The estimate of causal effect of risk factor on disease can be biased by pleiotropy (Zhu et al. 2017 bioRxiv). This is an analysis to detect and eliminate from the analysis instruments that show significant pleiotropic effects on both risk factor and disease. The HEIDI-outlier analysis requires bzx (effect of genetic instrument on risk factor), bzx_se (standard error of bzx), bzx_pval (p-value of bzx), bzy (effect of genetic instrument on disease), bzy_se (standard error of bzy) and ldrho (LD matrix of instruments). Note that LD matrix can be estimated from a reference sample with individual-level genotype data.
The HEIDI-outlier analysis has been integrated in the GSMR analysis above (with the heidi_outlier_flag and heidi_outlier_thresh flags).
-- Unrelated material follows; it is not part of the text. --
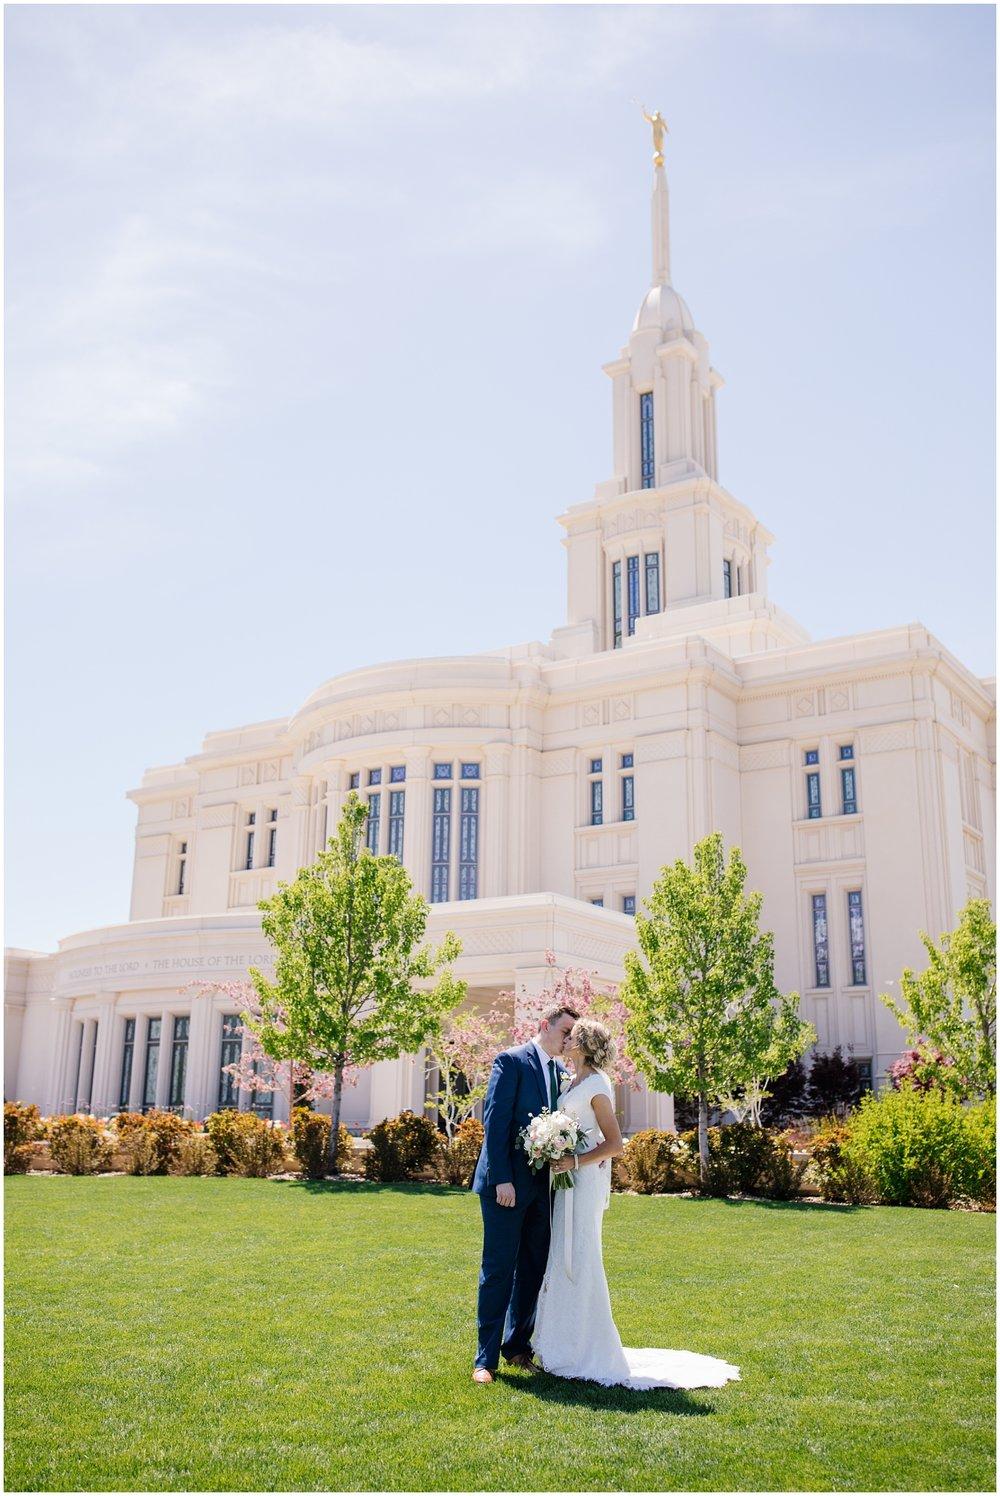 TA-Wedding-125_Lizzie-B-Imagery-Utah-Wedding-Photographer-Park-City-Salt-Lake-City-Thanksgiving-Point-Ashton-Gardens-Lehi-Utah.jpg

It can also be performed separately following the example below.
filtered_index = heidi_outlier(bzx, bzx_se, bzx_pval, bzy, bzy_se, ldrho, snp_coeff_id, gwas_thresh, heidi_outlier_thresh, nsnps_thresh) # perform HEIDI-outlier analysis
filtered_gsmr_data = gsmr_data[filtered_index,] # select data passed HEIDI-outlier filtering
filtered_snp_id = snp_coeff_id[filtered_index] # select SNPs that passed HEIDI-outlier filtering
dim(filtered_gsmr_data)
## [1] 138 14
# number of SNPs in the gmsr_data with bzx_pval < 5e-8
dim(gsmr_data[gsmr_data$bzx_pval < 5e-8, ])
## [1] 151 14
In the example above, 13 SNPs are filtered out by HEIDI-outlier.
The script below runs bi-directional GSMR analyses, i.e. a forward-GSMR analysis as described above and a reverse-GSMR analysis that uses SNPs associated with the disease (e.g. at p < 5e-8) as the instruments to test for putative causal effect of the disease on the risk factor.
gsmr_results = bi_gsmr(bzx, bzx_se, bzx_pval, bzy, bzy_se, bzy_pval, ldrho, snp_coeff_id, heidi_outlier_flag, gwas_thresh, heidi_outlier_thresh) # GSMR analysis
cat("Effect of risk factor on disease: ",gsmr_results$forward_bxy)
## Effect of risk factor on disease: 0.4080517
cat("Standard error of bxy from the forward-GSMR analysis: ",gsmr_results$forward_bxy_se)
## Standard error of bxy from the forward-GSMR analysis: 0.02249235
cat("P-value of bxy from the forward-GSMR analysis: ", gsmr_results$forward_bxy_pval)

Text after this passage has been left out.